## What you have to do
Could you write out exactly, and only, the lines from the one containing "Creative Desk Calendar" through the last line of the data, leaving out all pictures?

## Recorded information
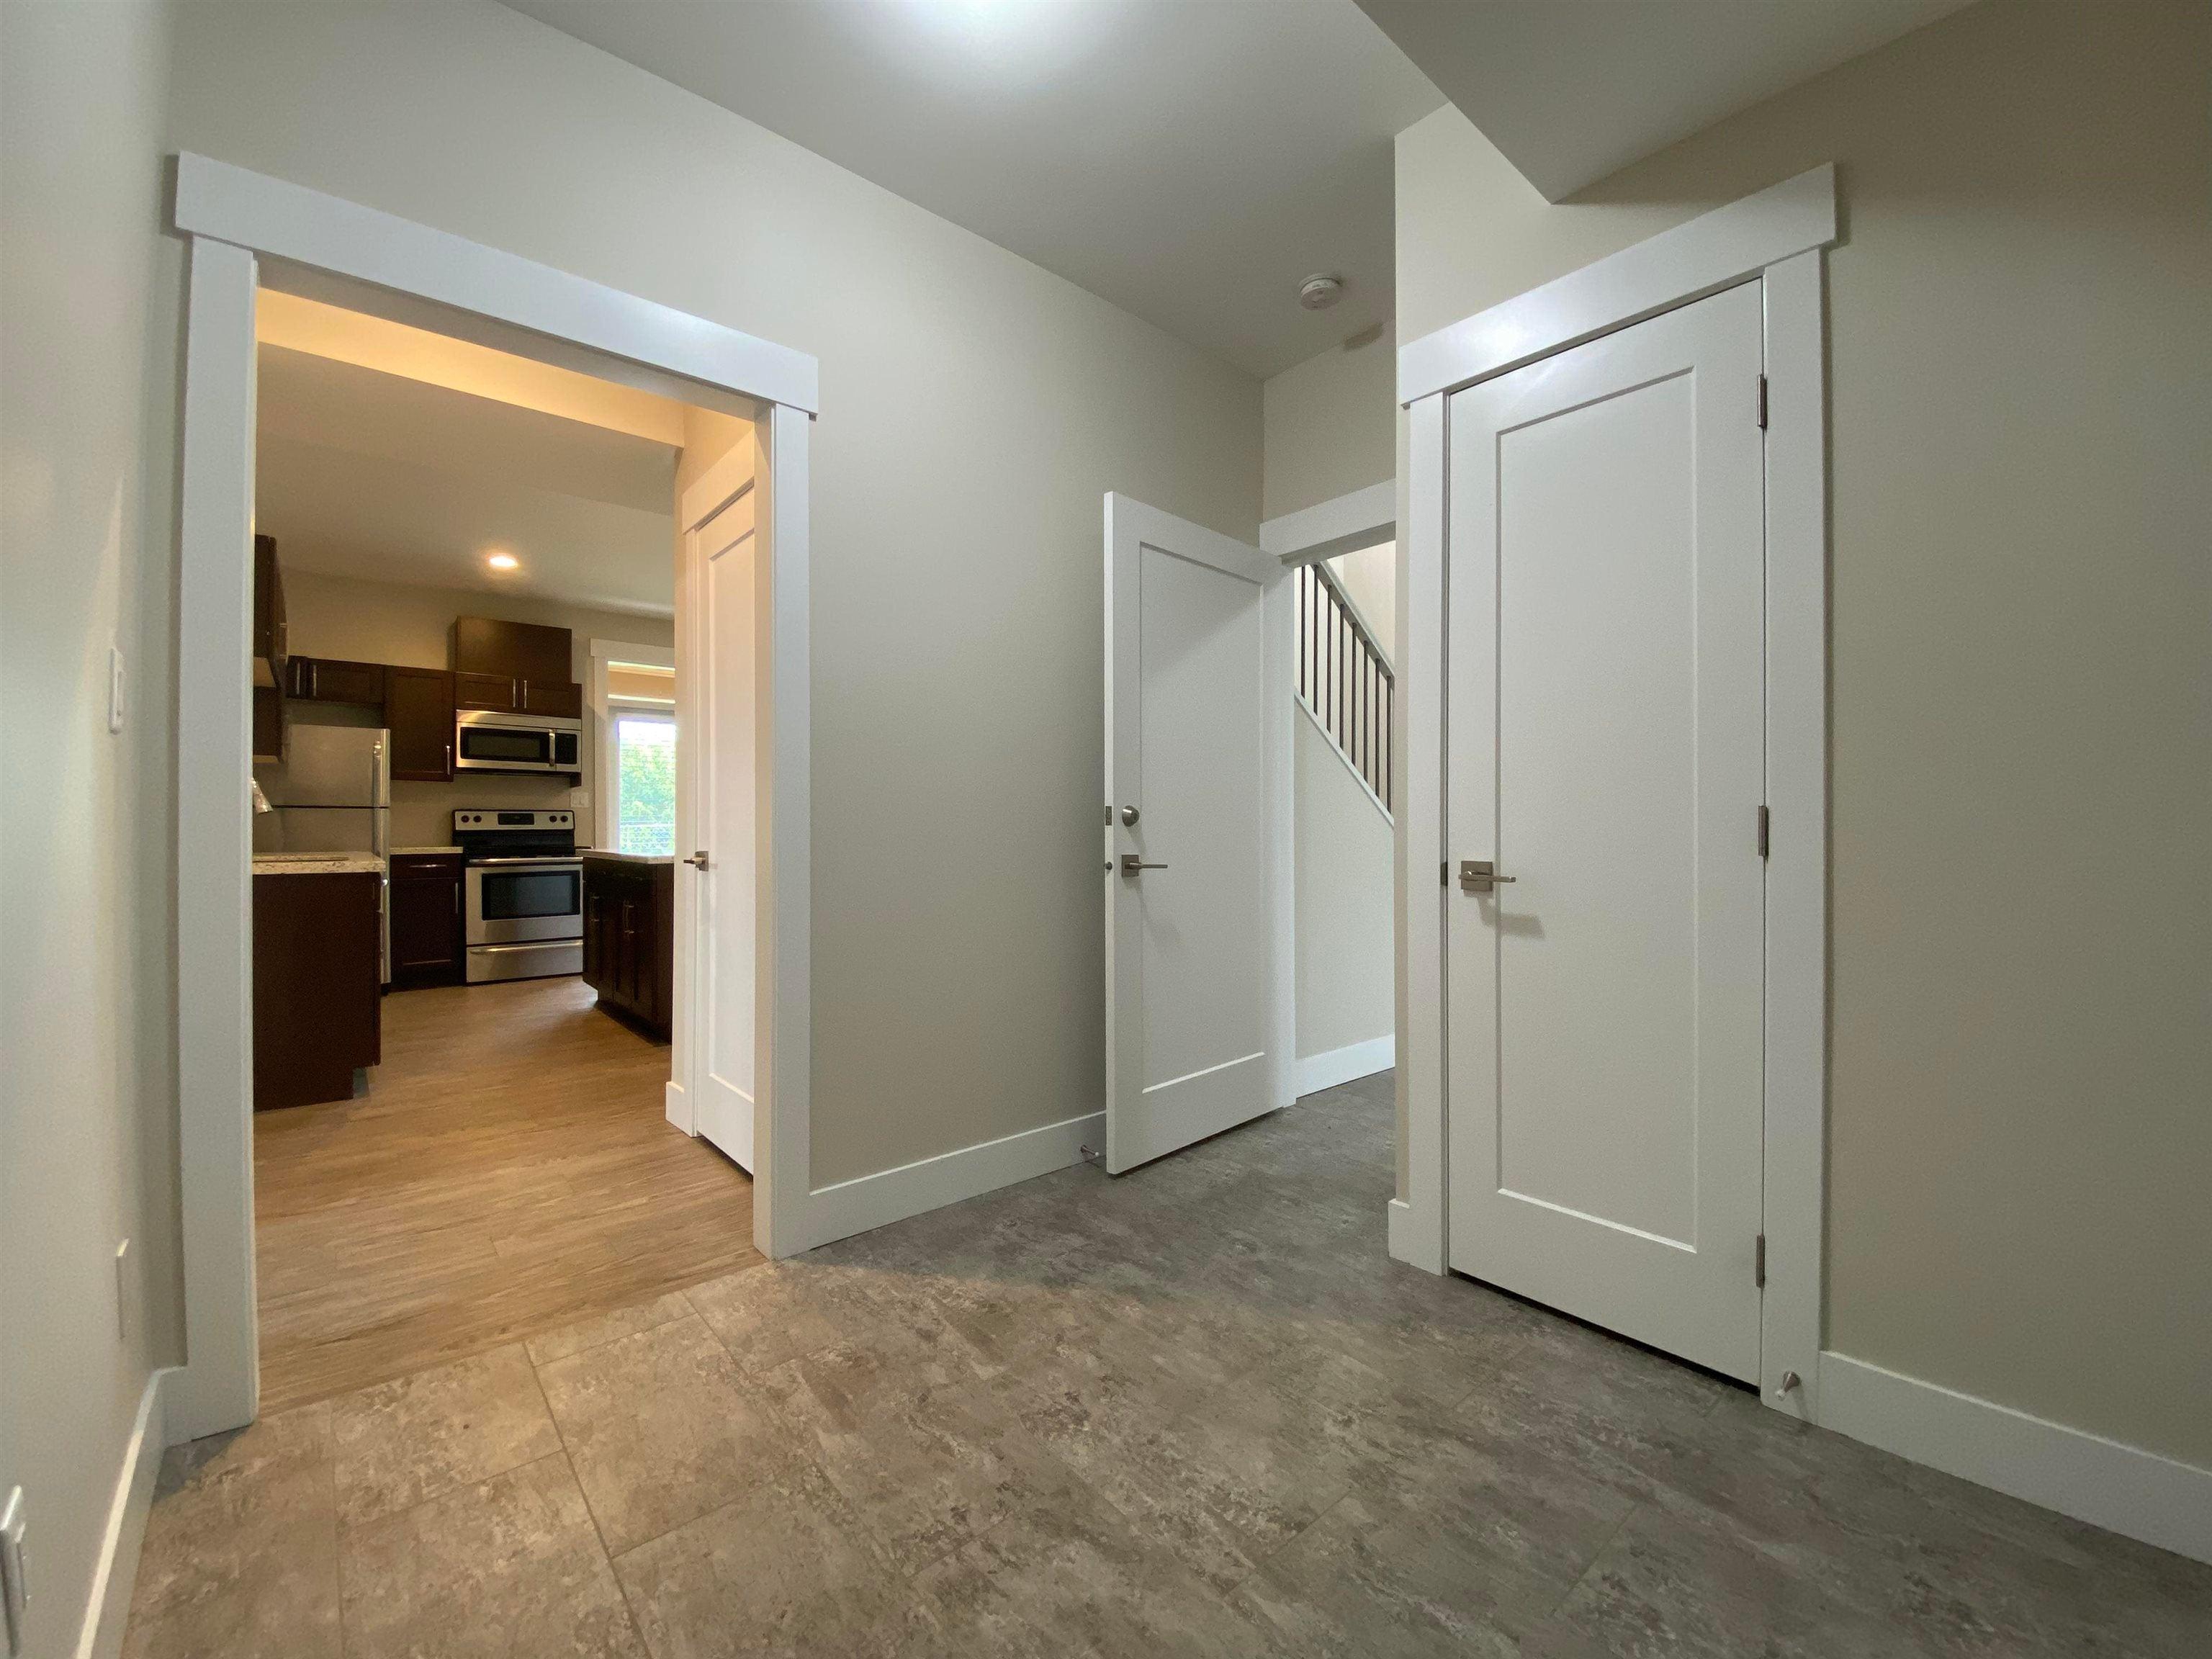 10144 KILLARNEY DRIVE - Fairfield Island House/Single Family for sale, 5 Bedrooms (R2625716) - #10
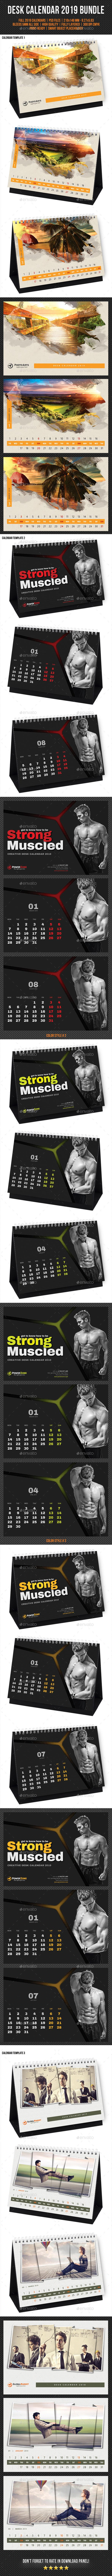 Creative Desk Calendar 2019 Bundle 07 - Calendars Stationery
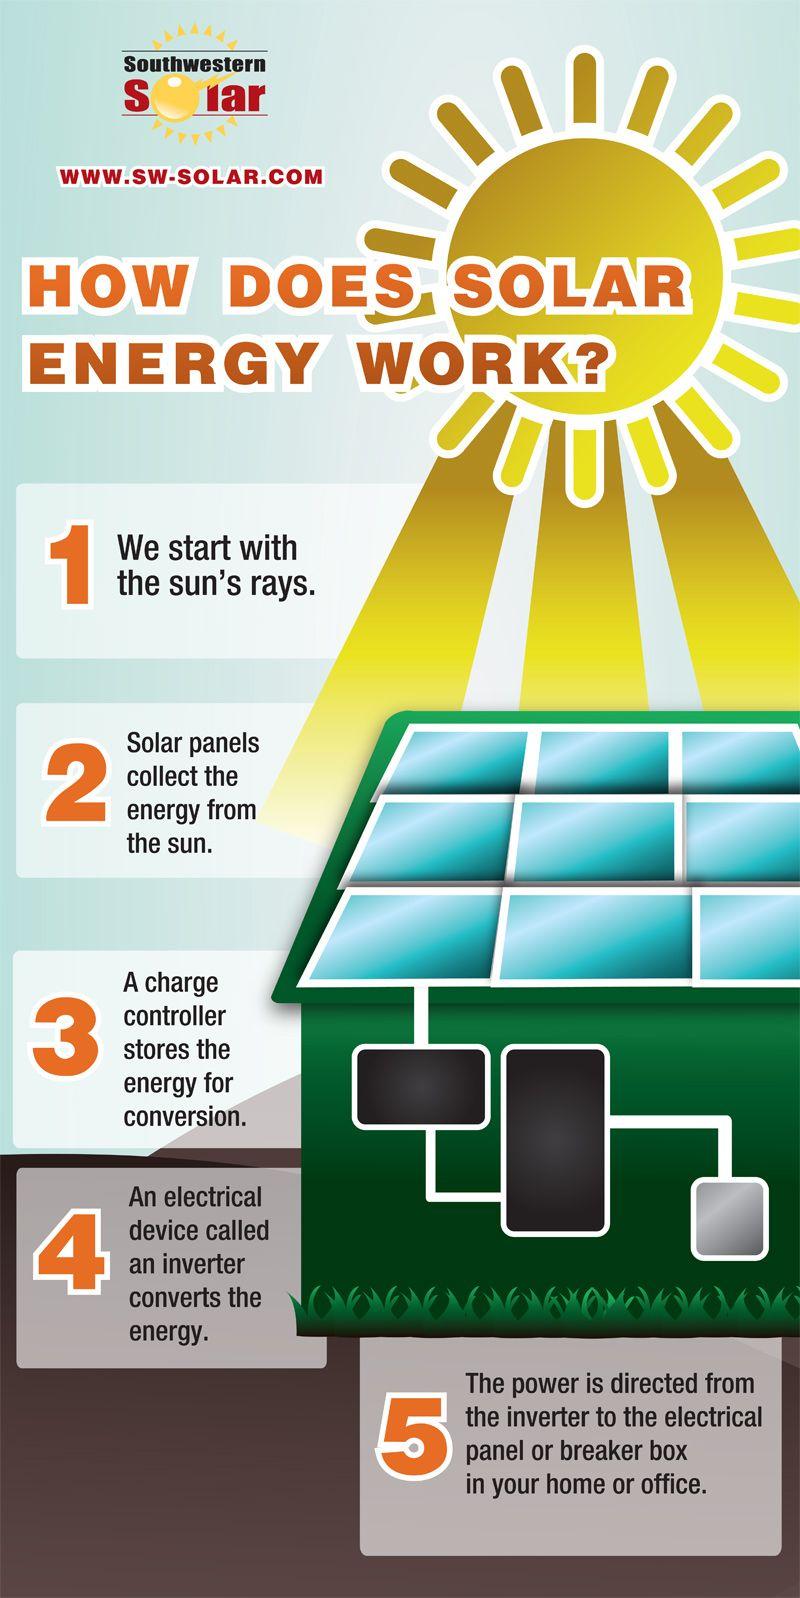 How Solar Energy Works how does solar energy work infographic | solar energy | pinterest

## Result
 Creative Desk Calendar 2019 Bundle 07 - Calendars Stationery
 How Solar Energy Works how does solar energy work infographic | solar energy | pinterest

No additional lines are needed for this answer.